TRIPPE: Right. That’s right. (laughter) Buy them, please. So we have this new digital-only offering for the first time. And what we found was that we literally couldn’t place the order. There was no way in the warehouse system to say I’m shipping this digital book. It took us a couple of weeks of real sort of head scratching and, you know, really thoughtful analysis on the part of a couple of the programmers to figure out how to make this work. And I’m sure we’re not alone on this. Maybe a bigger publisher probably encountered this five or seven years ago. We encountered this in the last few weeks. So I had brown hair a few weeks ago. (laughter)

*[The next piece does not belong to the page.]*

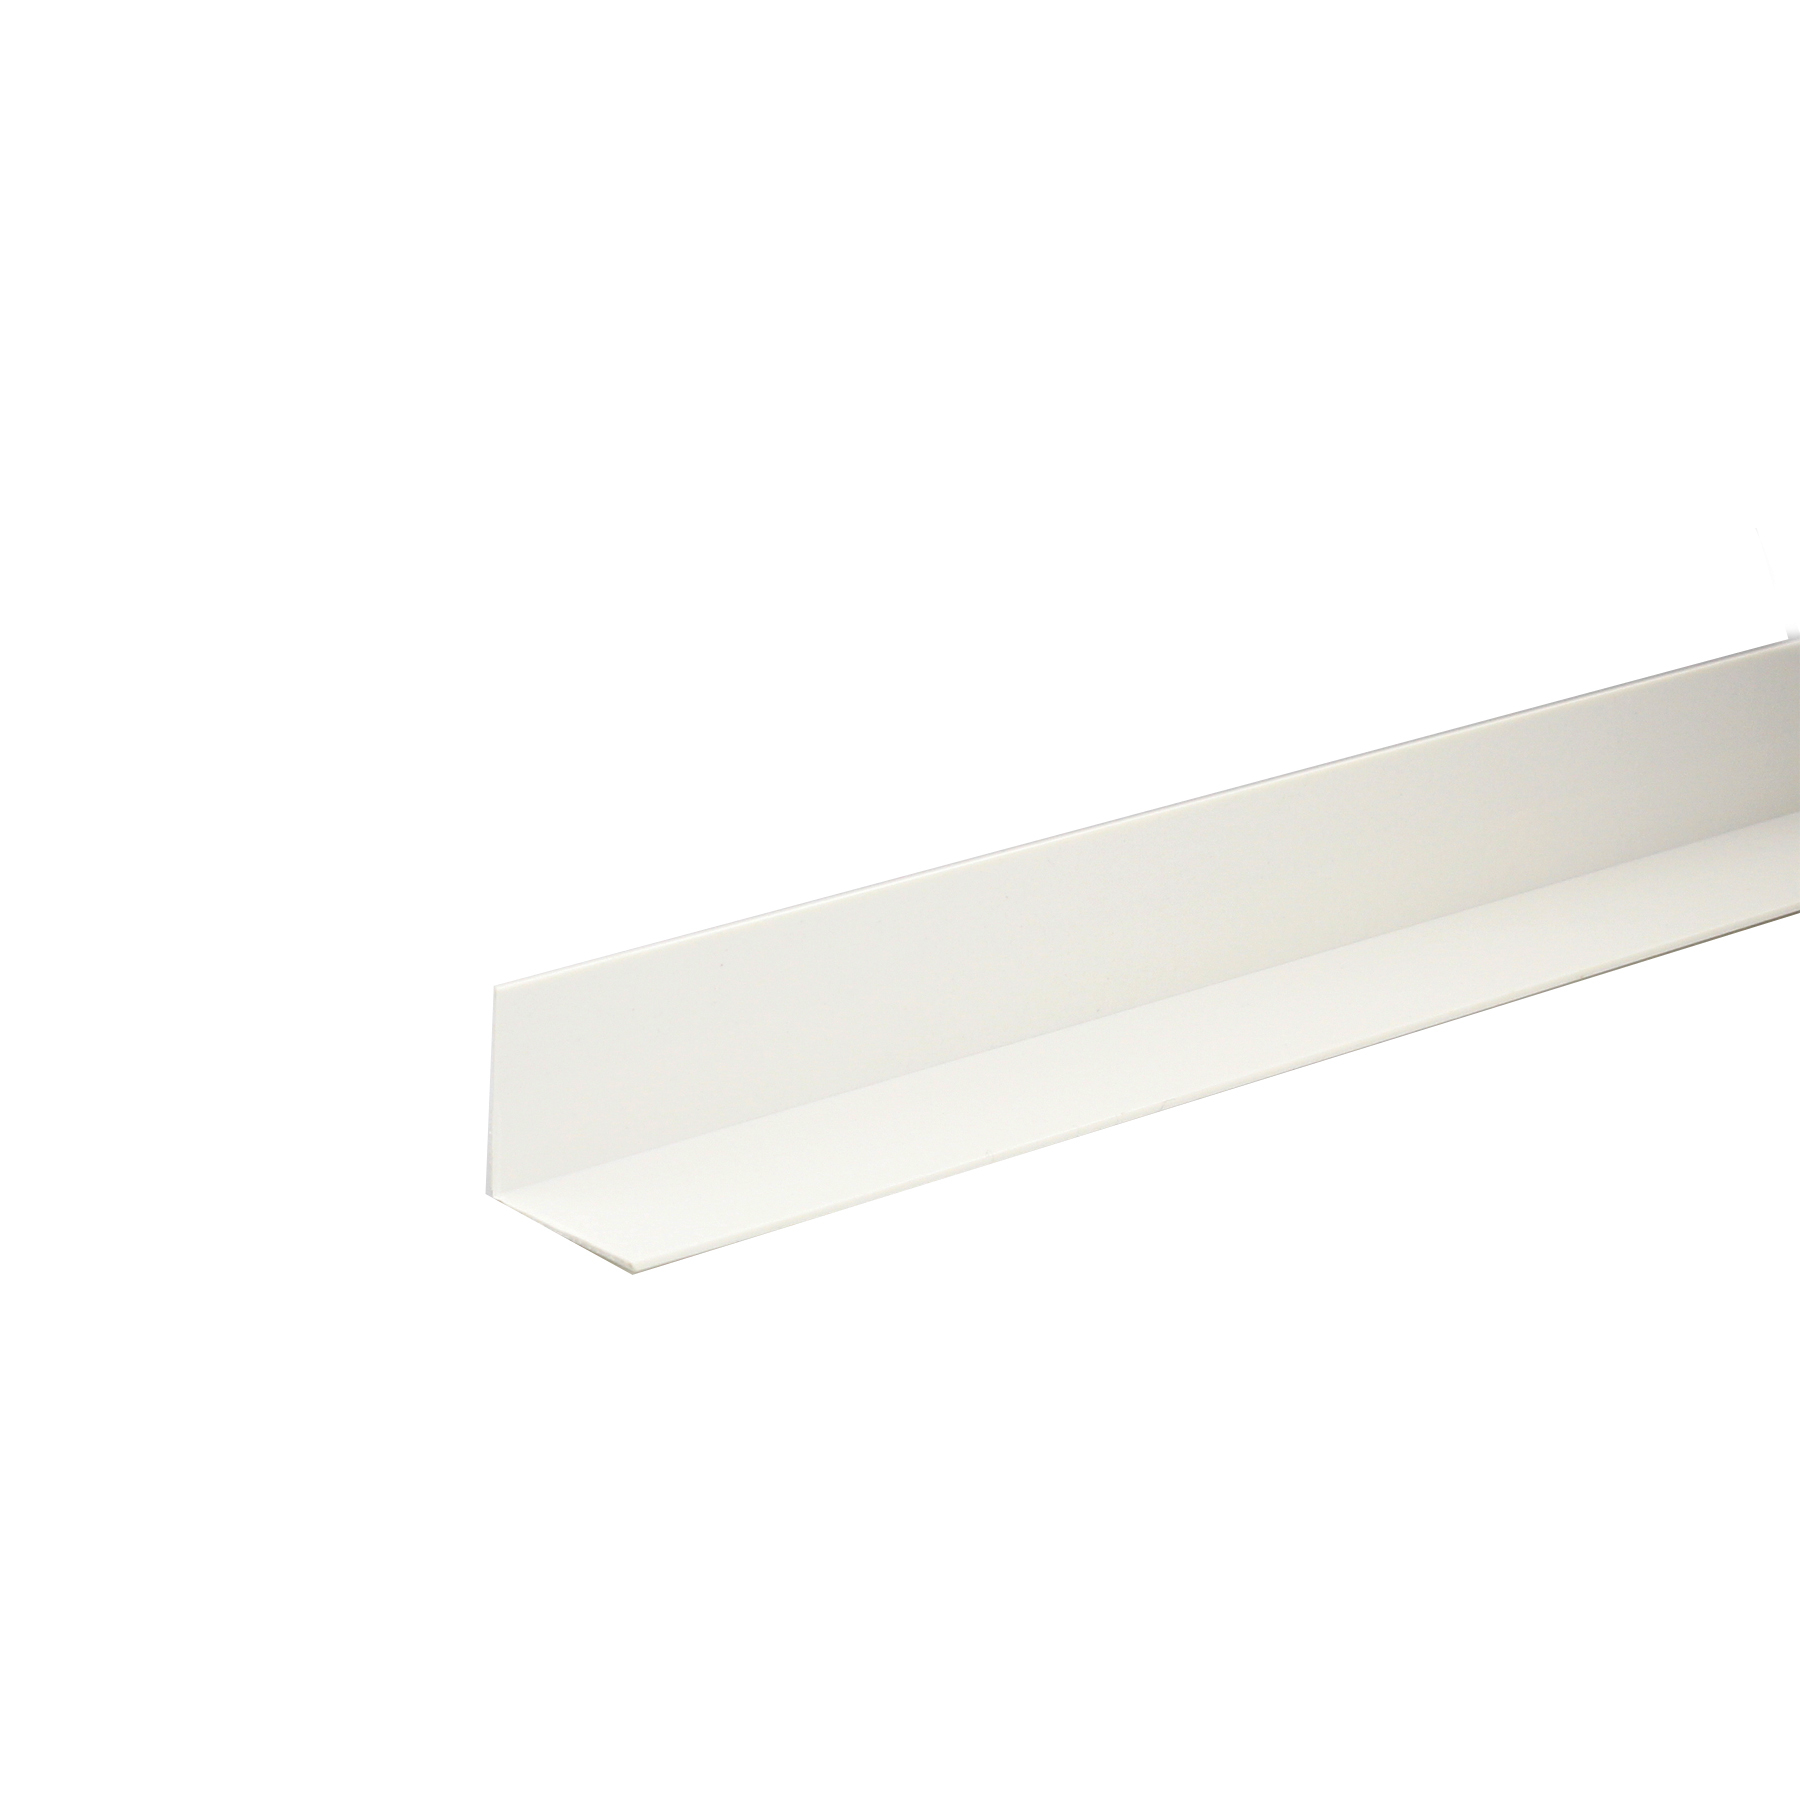 Perfil Angular Diferente PVC Porcelana 1mx2,5cm

KENNEALLY: And I guess that’s why, although you say you’re still a fanboy of MIT and MIT Press, there’s a lot of pain involved. And the other point that was a thread for people was sustainability and, as much as MIT is committed to open access, how are you facing that particular challenge right now? Is it an inevitable future for you as well that we’ll see full open access?

TRIPPE: That’s really hard to tell. I mean I was really intrigued with Judy Luther’s presentation, because open access on the book side is much newer, and we tilt about 80% books to 20% journals. So I think the business models are much more mature for journals. So I think it’s a very open question how this will play out for books. But I think, at this point, our position is sort of an and-and is, I guess, the way people refer to it. We work with many partners. And we’re doing a lot of different experiments, so.

KENNEALLY: Yeah. Well, one experiment, October Ivins, that some librarians have is regarding copyright – can I put it that way? They have views of copyright that may not jive with what would be for an attorney at an IP law firm. And I wonder how you view all of that, for example, when it comes to fair use. Is there a particularly aggressive stance that’s being taken right now? And is that coming from a conception of copyright that goes back to the past?

IVINS: Fair use is really important to libraries. It’s kind of what allows libraries to exist. And libraries and librarians see themselves as really central to democracy. We buy individual copies that can then be shared with people who couldn’t afford to buy them. That’s what libraries are about. When I say it’s a service profession, everything that librarians do is to get the right content to the right user. So it matters a lot to them. And there is pushback in the library world about licenses overriding law, so people are being encouraged not to sign a content license that makes you give up your fair use rights.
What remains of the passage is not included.